INPUT DATA:
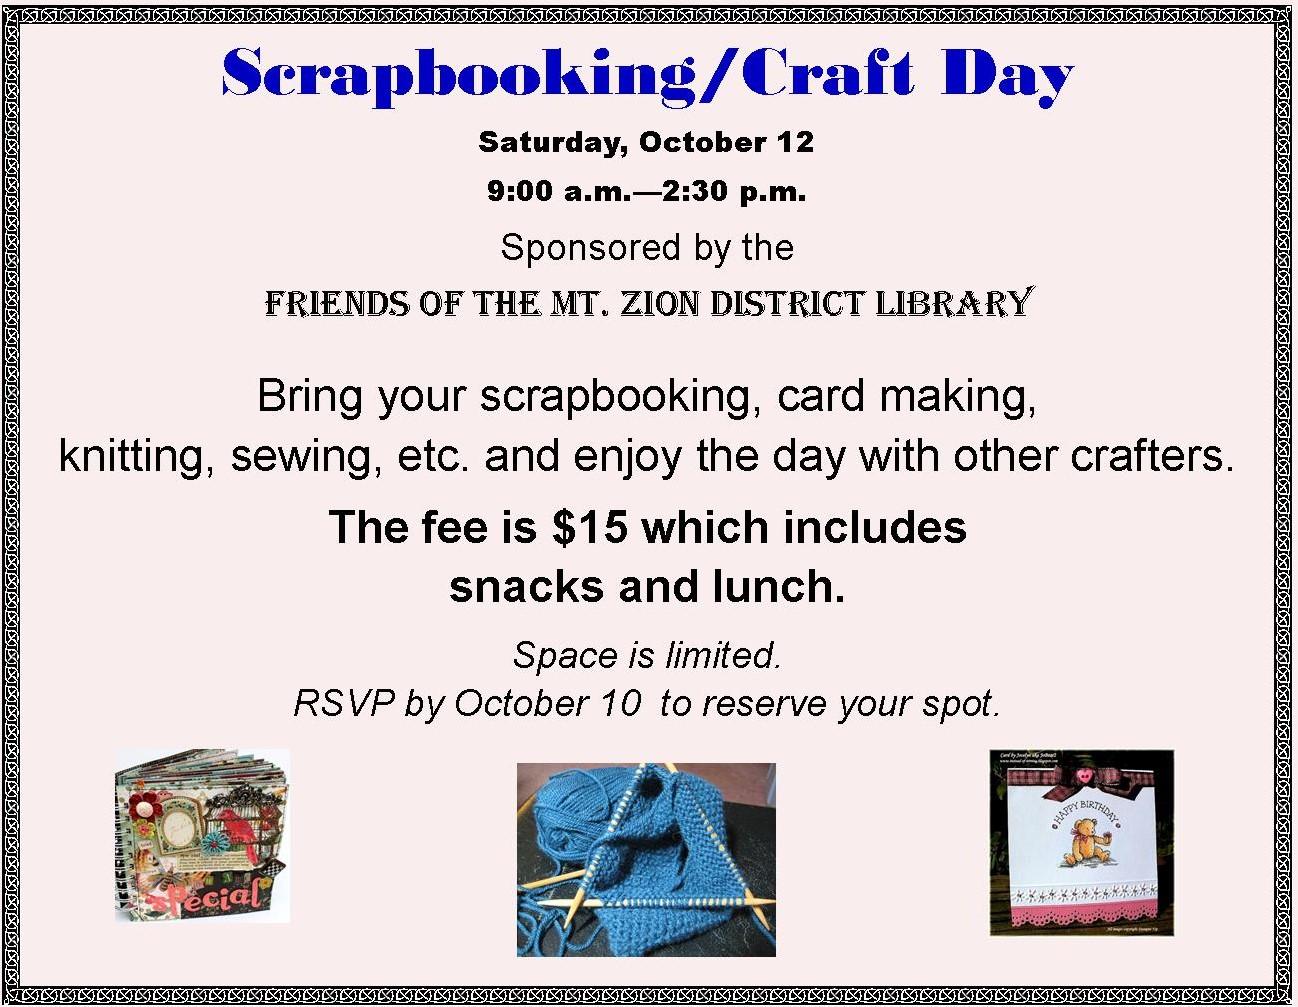 October 2019 Scrapbooking - craft day October 12 smaller for Board (2).jpg
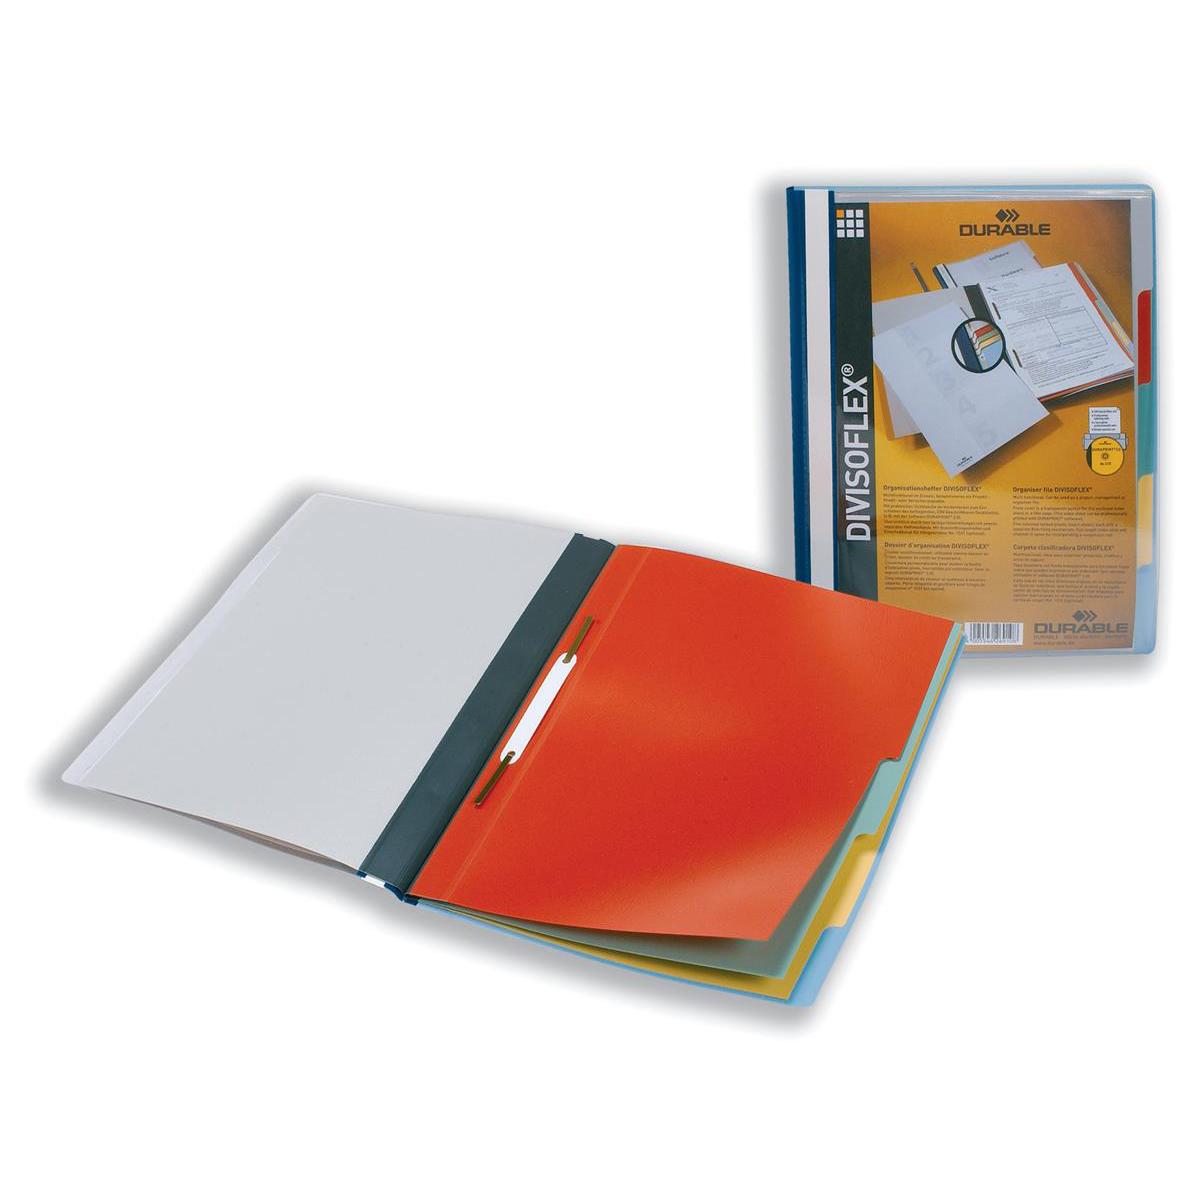 Durable Divisoflex Project Flat File Plastic Capacity 15mm A4 Blue Ref 2557/06
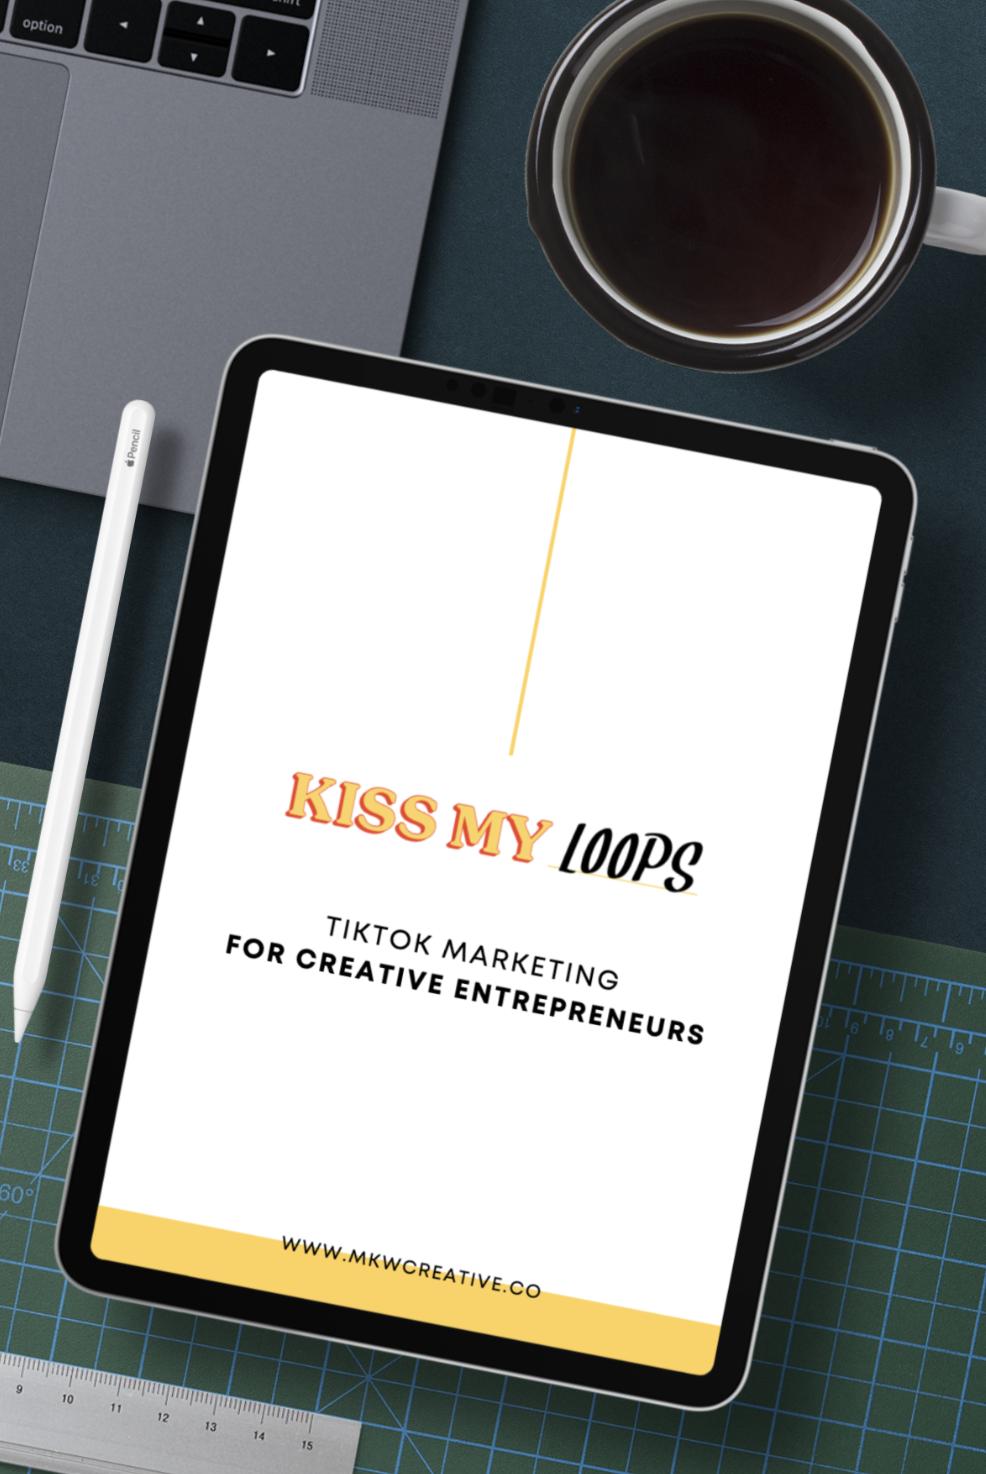 Kiss My Loops Tiktok For Creatives Workbook Mkw Creative Co Social Media Advice Workbook Creative Entrepreneurs
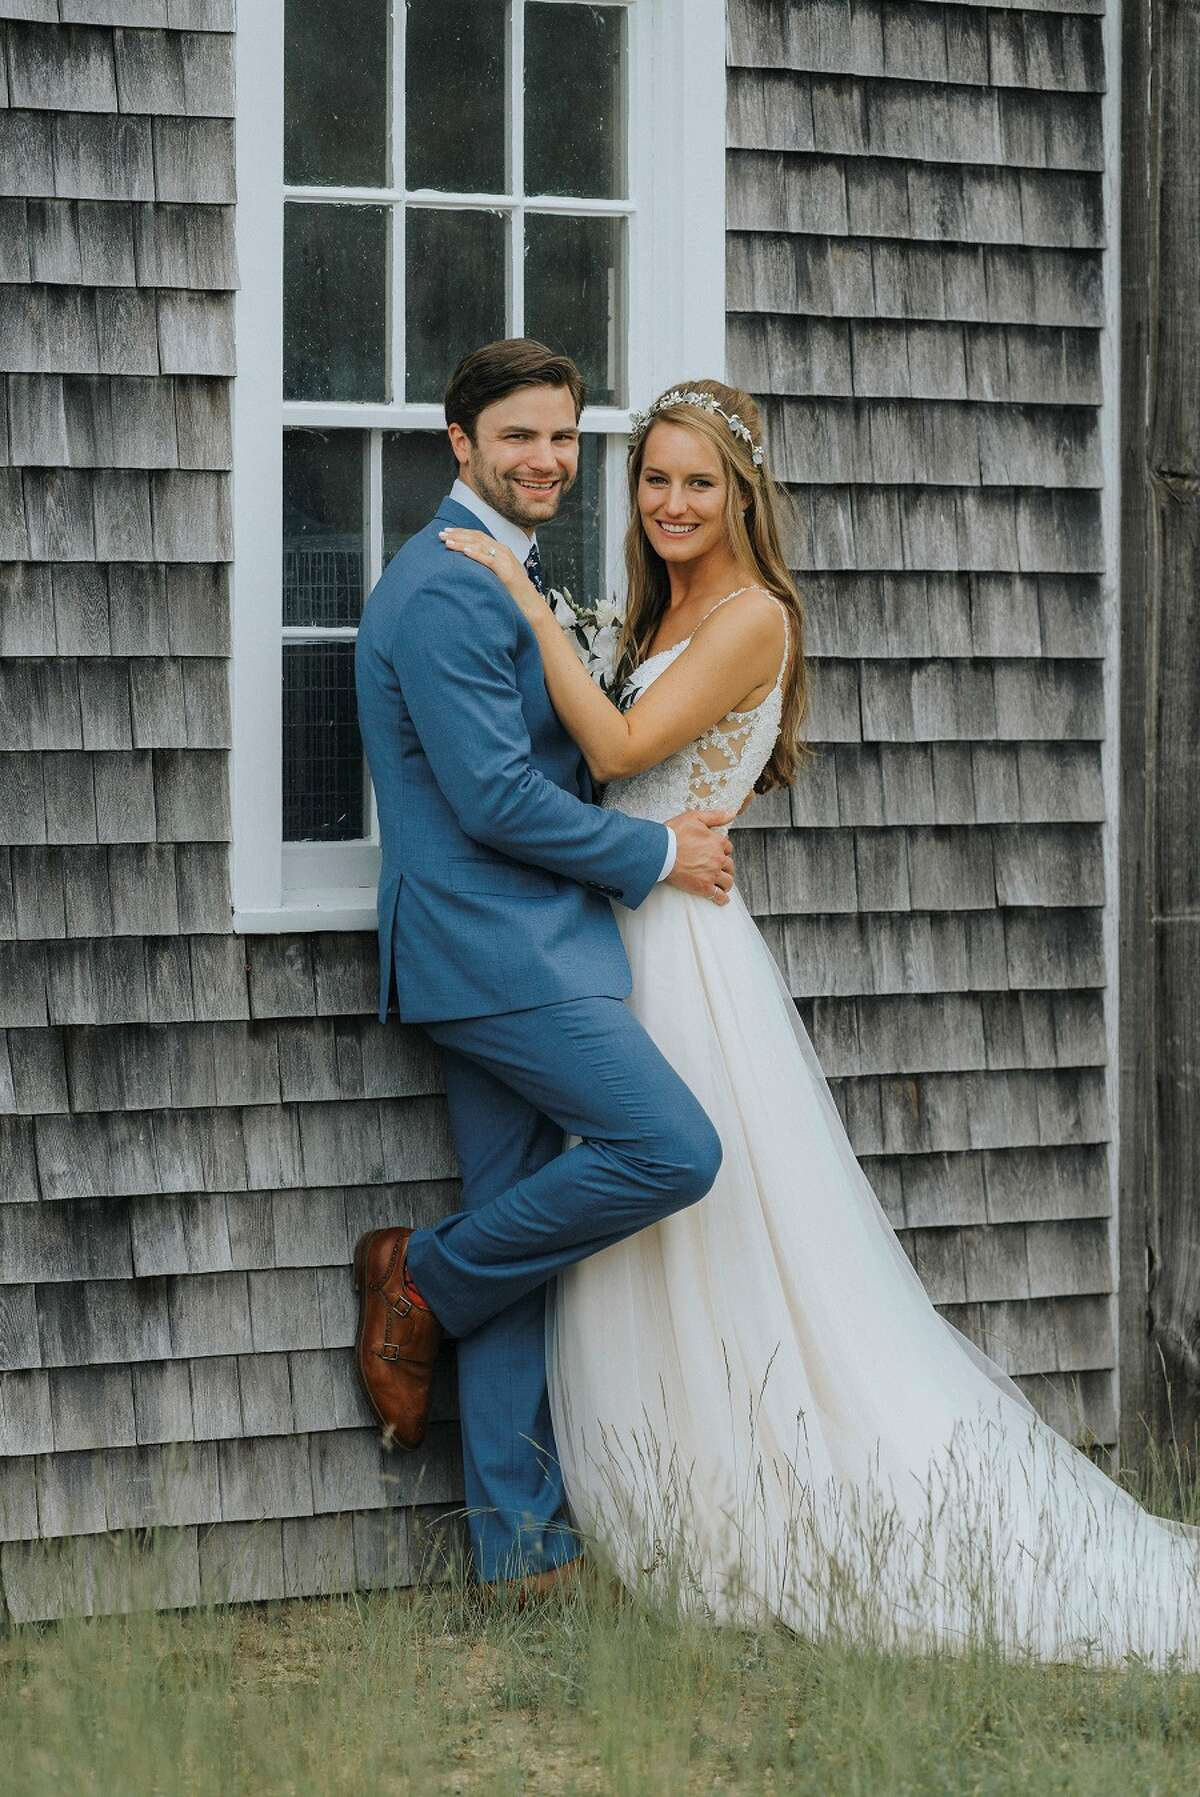 New Canaan: Brianna Ozimek recently wed Patrick Ready in Martha's Vineyard. Brianna Ozimek, Patrick Ready. - Photo by David Welch

EXERCISE REQUIREMENTS: Images stay out, but the rest of the data above must be repeated exactly.

WRITTEN SOLUTION:
 October 2019 Scrapbooking - craft day October 12 smaller for Board (2).jpg
 Durable Divisoflex Project Flat File Plastic Capacity 15mm A4 Blue Ref 2557/06
 Kiss My Loops Tiktok For Creatives Workbook Mkw Creative Co Social Media Advice Workbook Creative Entrepreneurs
 New Canaan: Brianna Ozimek recently wed Patrick Ready in Martha's Vineyard. Brianna Ozimek, Patrick Ready. - Photo by David Welch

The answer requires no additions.